In Connecticut, companies largely have to report only the earnings of their in-state operations — a requirement that critics charge allows corporations to hide profits among out-of-state affiliates, and thereby minimize their tax bill here.

The new budget imposes, but not until 2016-17, a shift to a unitary reporting requirement. This would compel companies to share information on all of their operations — both in Connecticut and outside — and undergo a more detailed assessment of what earnings are tied to their presence in this state.

Analysts estimate Connecticut companies would pay an extra $23.7 million per year with this requirement.

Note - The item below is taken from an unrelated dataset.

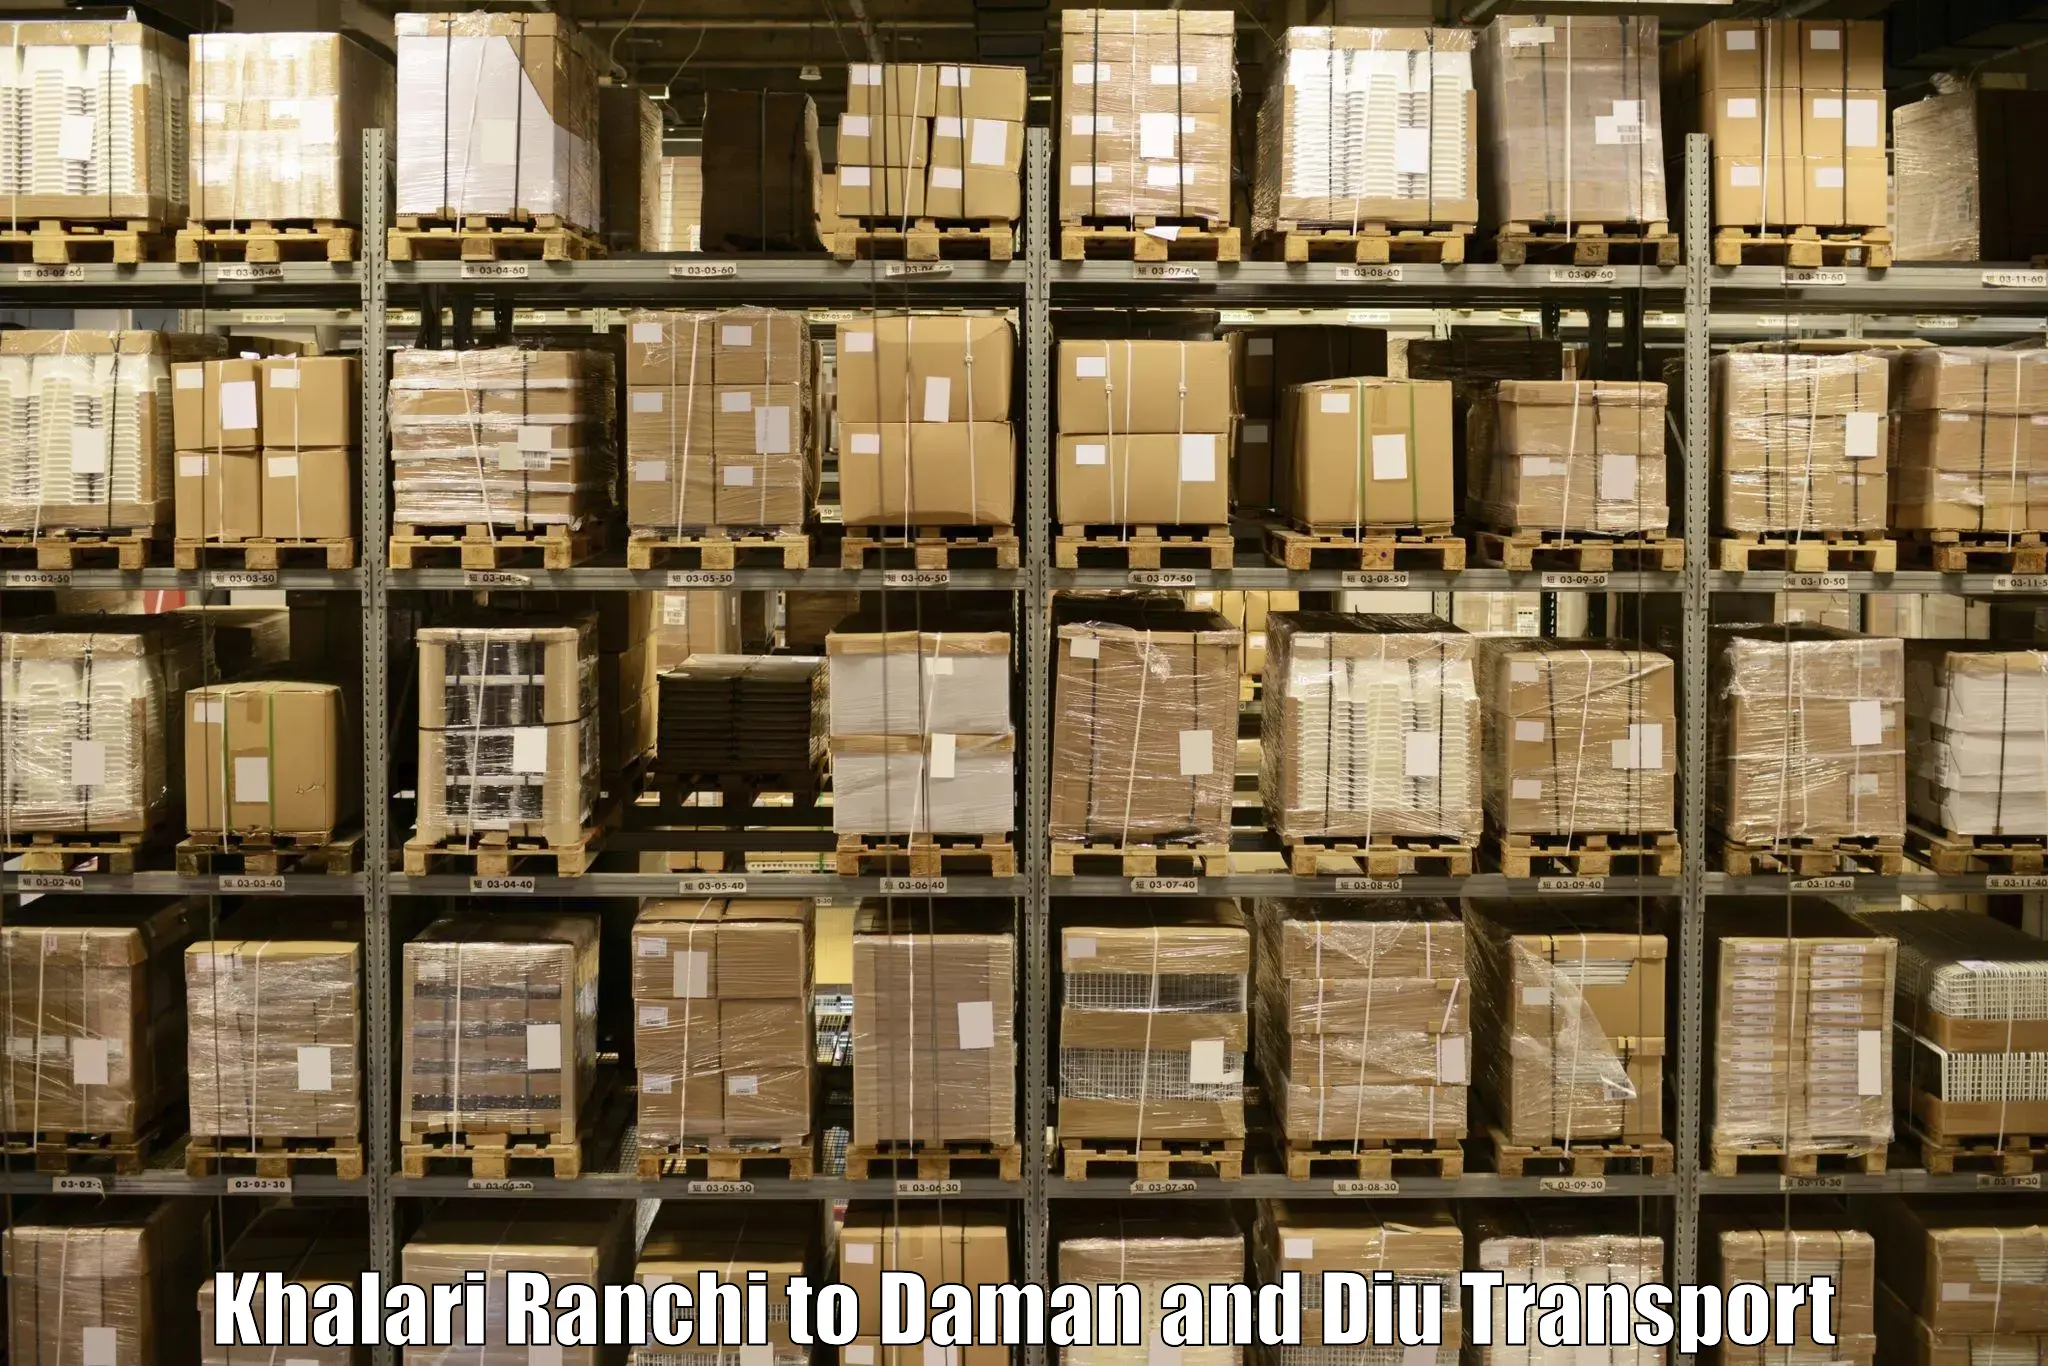 Lorry transport service Khalari Ranchi to Daman and Diu

Lawmakers also clarified language that subjects parking services to the sales tax to make clear that parking businesses provide to their workers is exempt from the levy. This would save employees about $1 million per year.

With these changes, overall tax hikes in the new budget fall from $1.5 billion over two years to just over $1.3 billion. The new budget also cancels close to $500 million in previously approved tax cuts that were supposed to be implemented in the coming biennium.

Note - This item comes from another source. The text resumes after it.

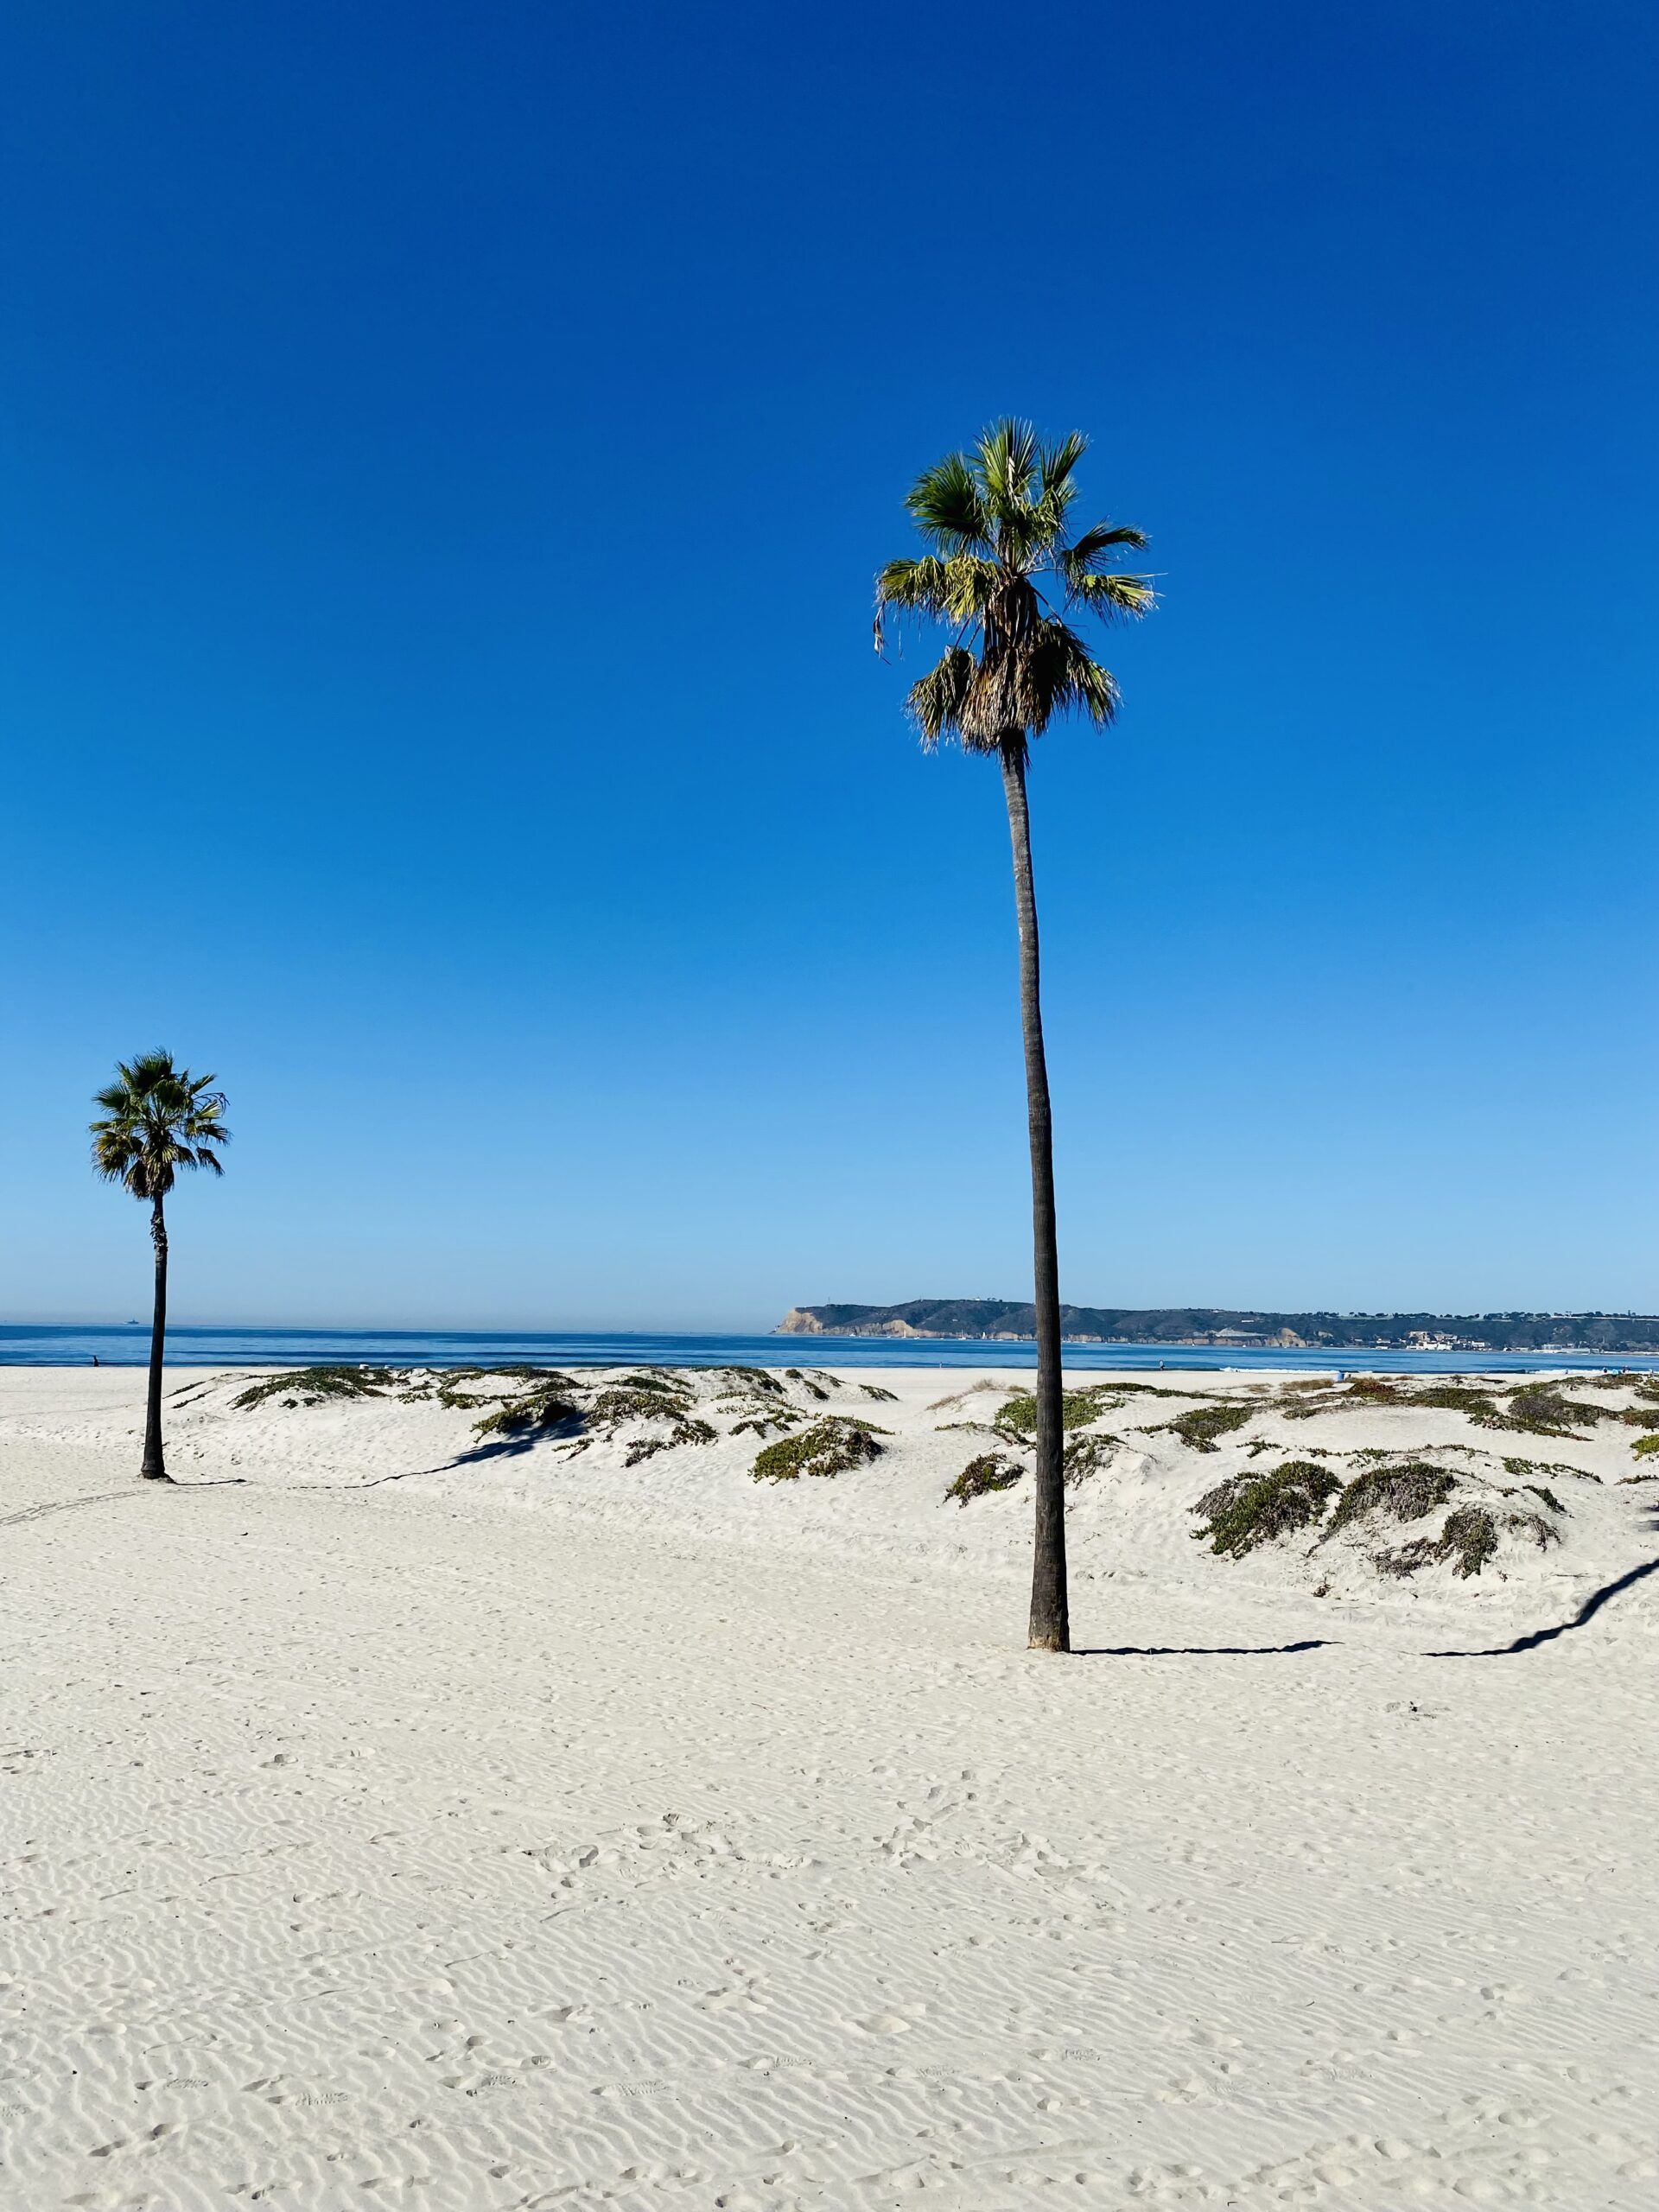 Giada Bravo a 40 anni ha deciso di mollare tutto: destinazione San Diego

The chief means Malloy and legislators use to pay for these tax rollbacks involves a new plan to share sales tax receipts with cities and towns.

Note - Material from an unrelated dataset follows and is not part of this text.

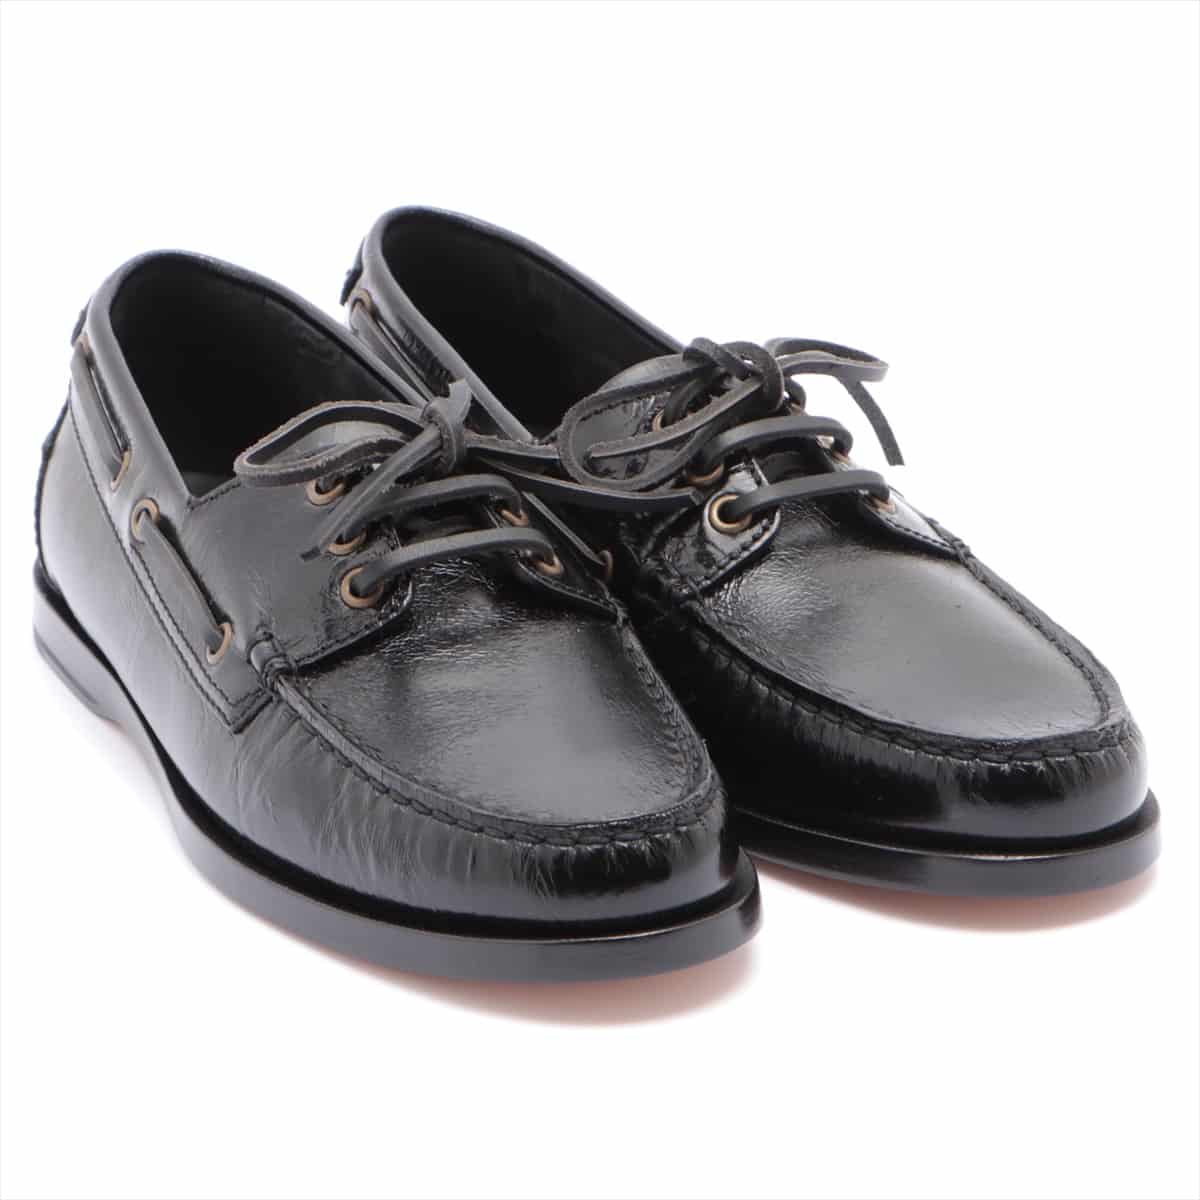 Saint Laurent Paris Leather Deck shoes 41 Men's Black

Connecticut is supposed to begin depositing $159 million in receipts into the revenue-sharing program next fiscal year, $277 million in 2016-17, and $362 million in 2017-18.

But it only planned to share $10 million with municipalities in the first year. The first big transfer, $228 million, comes in 2016-17, with $288 million headed to communities in 2017-18.

Municipal leaders and Republican lawmakers both have expressed concern that the state won’t maintain this program. That’s because nonpartisan analysts already are projecting an $832 million budget hole – more than 4 percent of annual operating costs – in 2017-18. And that assumes state tax revenues will grow by very healthy amounts between now and then.

Compounding this challenge, the budget adjustments shave $108 million off of payments into the revenue-sharing account in the next two fiscal years combined. And while that still leaves enough to cover planned payments to communities in 2015-16 and 2016-17, the fund would have less than $90 million available entering 2017-18 – when communities are slated to get $288 million and a big deficit may have to be resolved.

The governor had sought broad authority to trim funding for health care, social services, higher education and municipal aid to help pay for the tax hike rollbacks.

Lawmakers opted not to grant that to Malloy.

Instead they agreed to $12.5 million per year, or $25 million over the biennium, in small cuts to a wide array of state agencies. And while that does include public colleges and universities, most of it is centered on the “other expense” accounts in Executive Branch departments. These accounts typically fund various legal and consulting services and other miscellaneous expenses.

And none of these reductions involve municipal aid.

Lawmakers and Malloy also agreed to cut $13 million in 2016-17 from the account used to fund raises in new contract awards. This would remove a small portion of the money set aside for raises for union and non-union personnel.

Other cuts made to help pay for the tax-hike rollbacks include:

$16.3 million in 2016-17 from the new transportation infrastructure enhancement initiative.
$7.8 million taken in 2016-17 from public financing fund for state elections.
Though most of the adjustments were designed to roll back tax increases, lawmakers also modified Medicaid spending to carve out more dollars for hospitals and nursing homes.

The revisions assume $17.5 million per year in Medicaid savings through various efficiencies.

About $10 million of this annual savings would be used to reverse planned reductions in rates paid to providers who treat Medicaid patients. Another $5 million would be used each year to supplement a funding pool for small hospitals. And $1 million would be added annually to support direct care workers at nursing homes.

This would leave a net annual savings of $1.5 million.